### About this task
The reply should match the listing below character for character, except that no image is carried over.

### Data extract
= Beginning of Section =

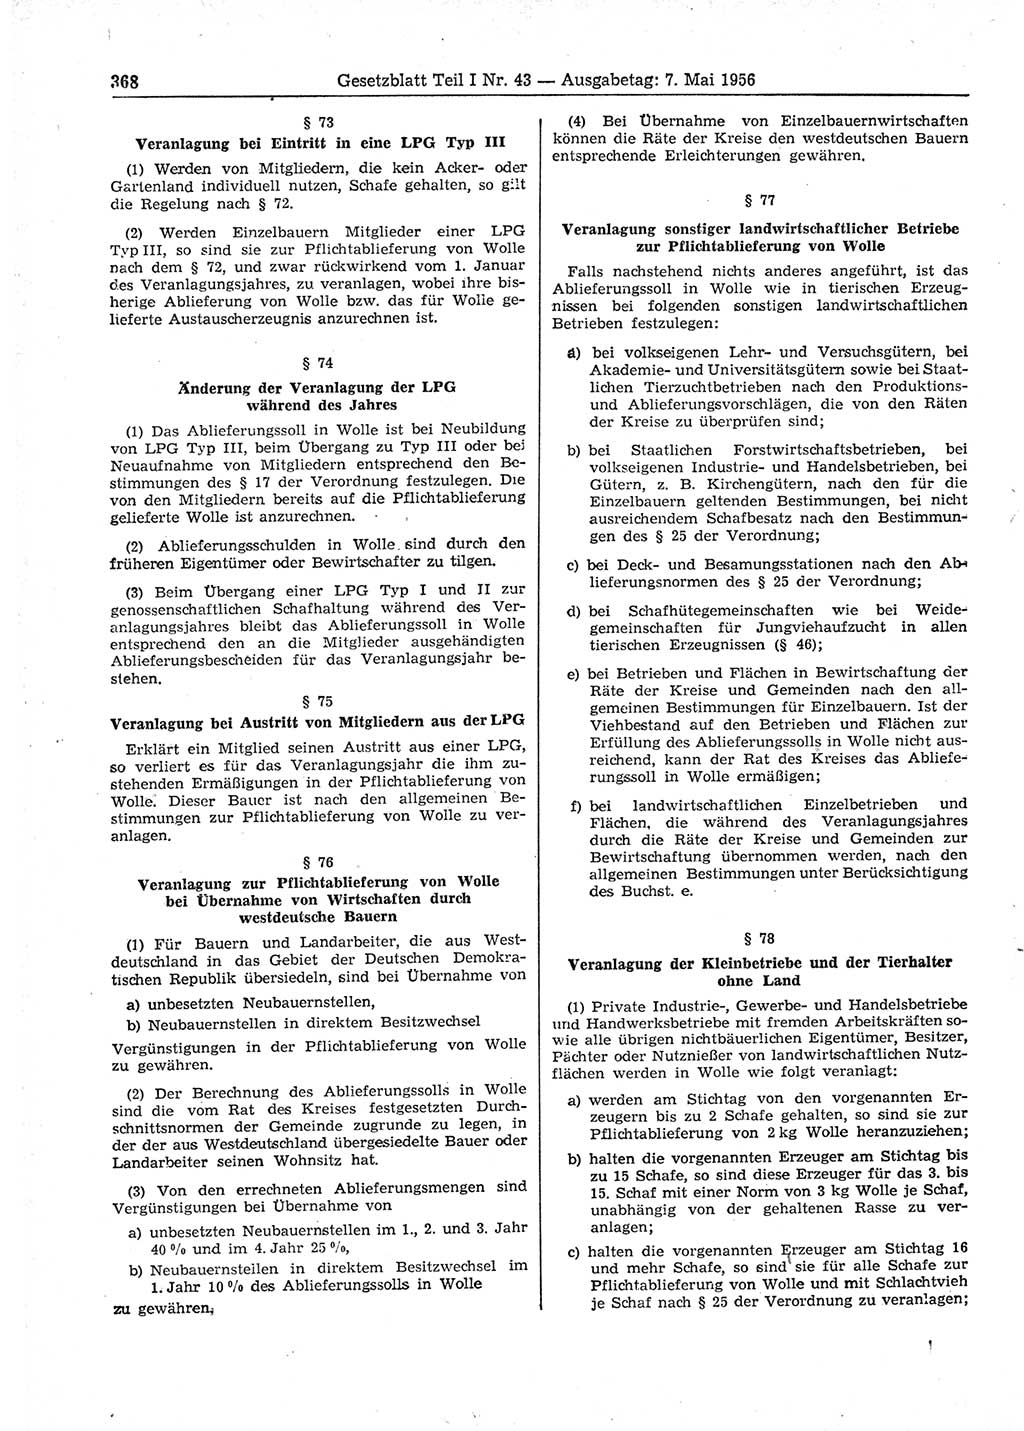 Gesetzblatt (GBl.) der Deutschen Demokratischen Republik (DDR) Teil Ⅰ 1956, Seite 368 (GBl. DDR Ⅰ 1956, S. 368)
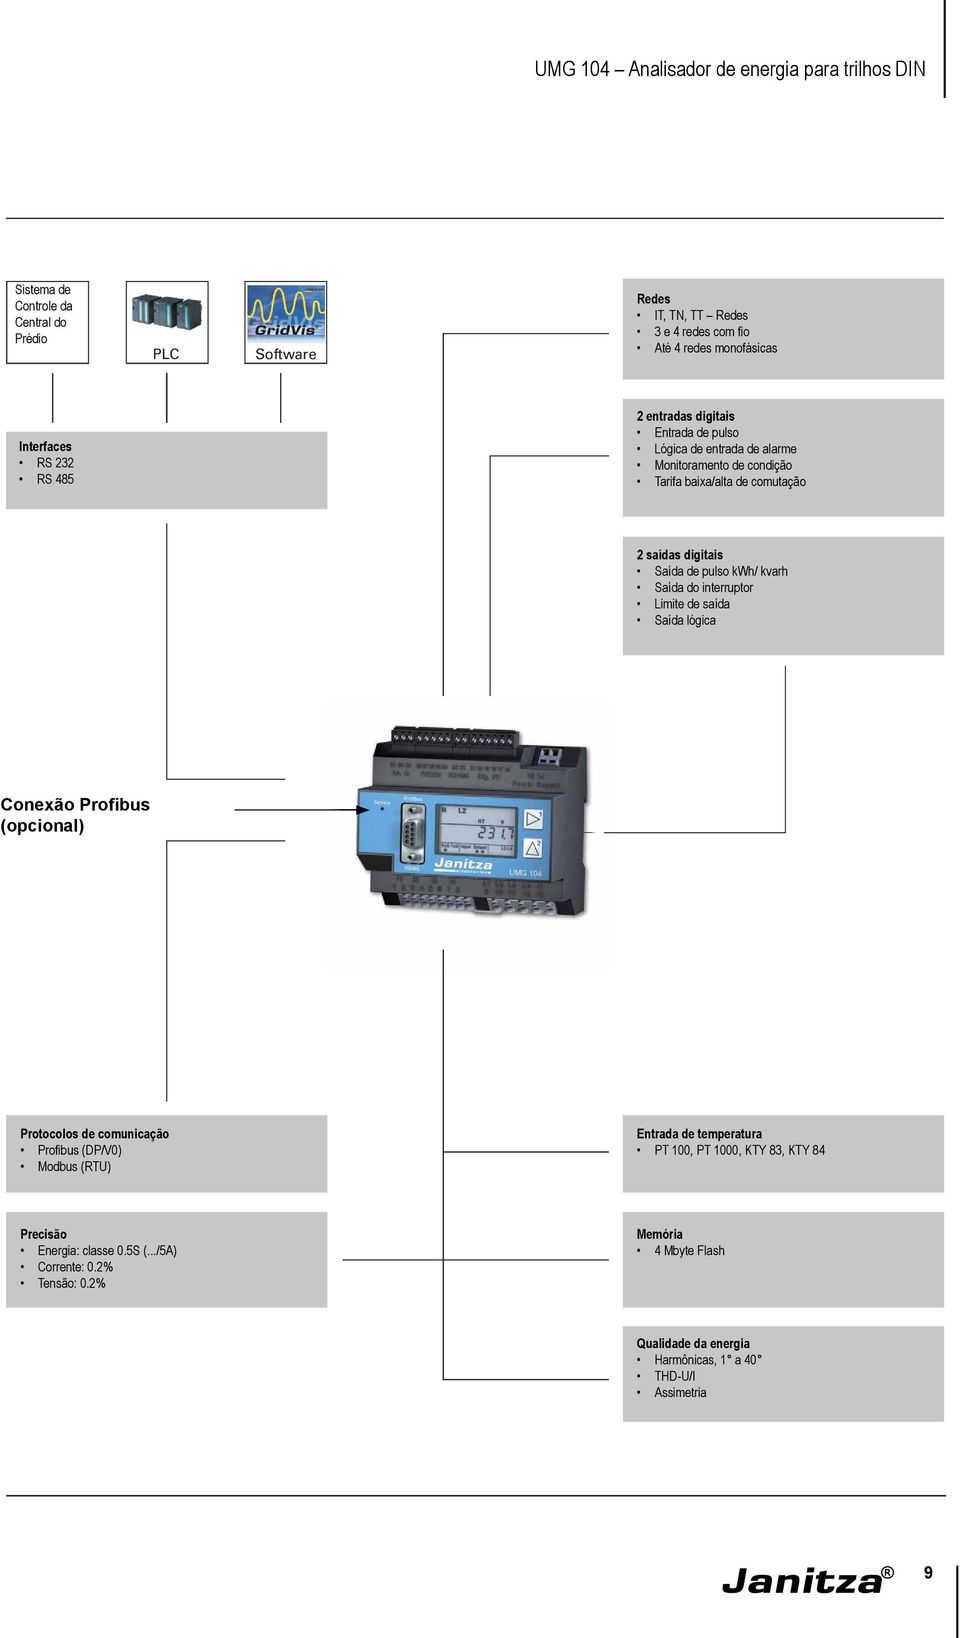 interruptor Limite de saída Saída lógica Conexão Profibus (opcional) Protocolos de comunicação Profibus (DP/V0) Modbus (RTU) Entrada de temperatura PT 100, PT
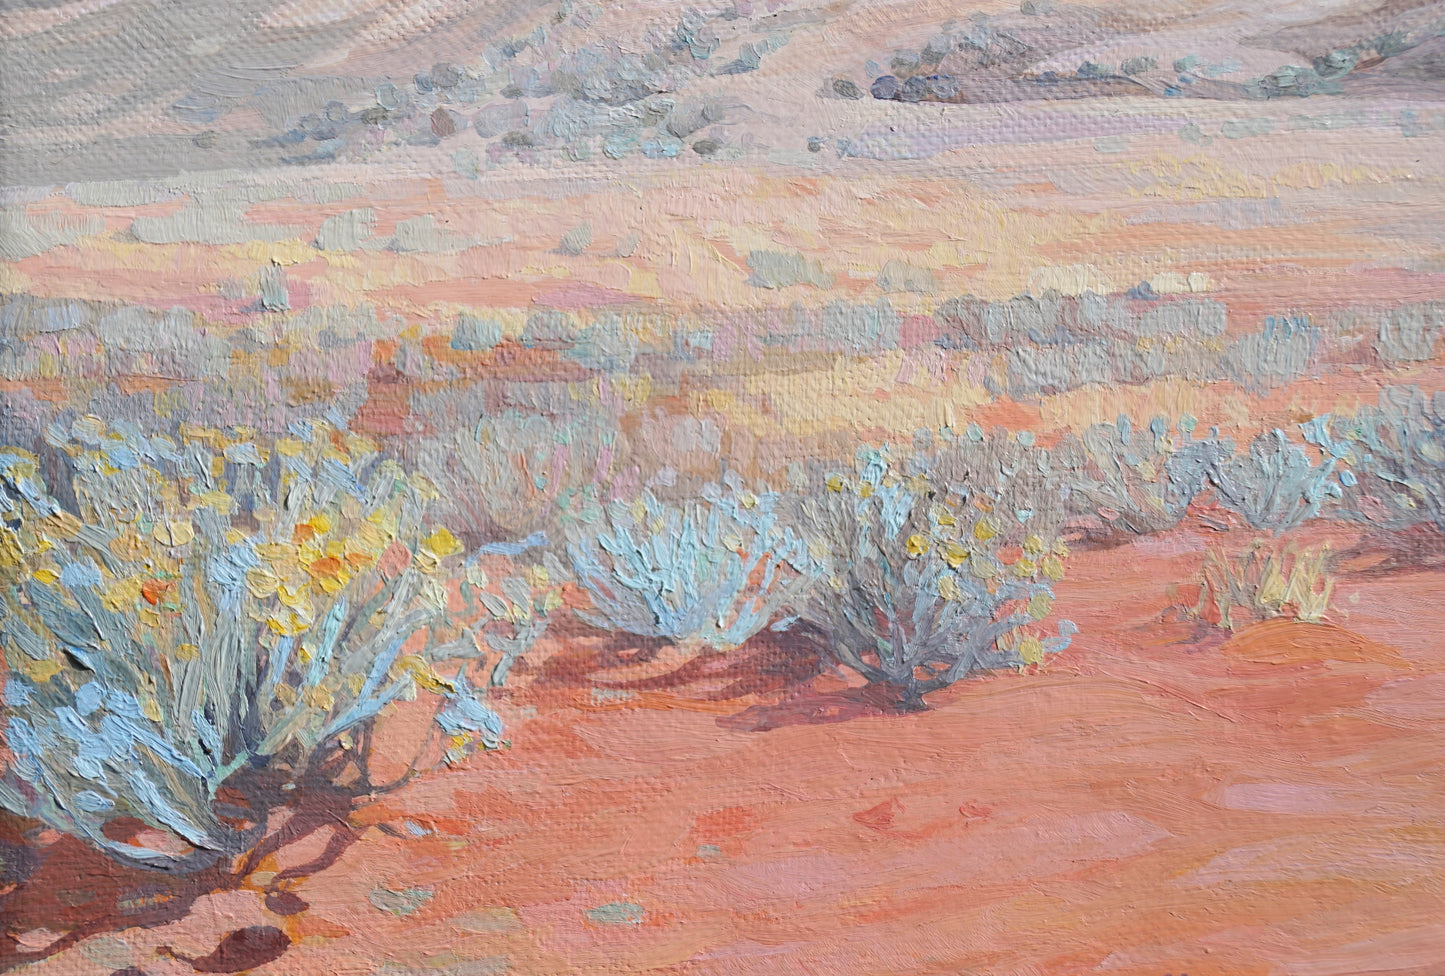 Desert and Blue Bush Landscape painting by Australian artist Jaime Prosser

= End of Section =

### Answer
 Gesetzblatt (GBl.) der Deutschen Demokratischen Republik (DDR) Teil Ⅰ 1956, Seite 368 (GBl. DDR Ⅰ 1956, S. 368)
 interruptor Limite de saída Saída lógica Conexão Profibus (opcional) Protocolos de comunicação Profibus (DP/V0) Modbus (RTU) Entrada de temperatura PT 100, PT
 Desert and Blue Bush Landscape painting by Australian artist Jaime Prosser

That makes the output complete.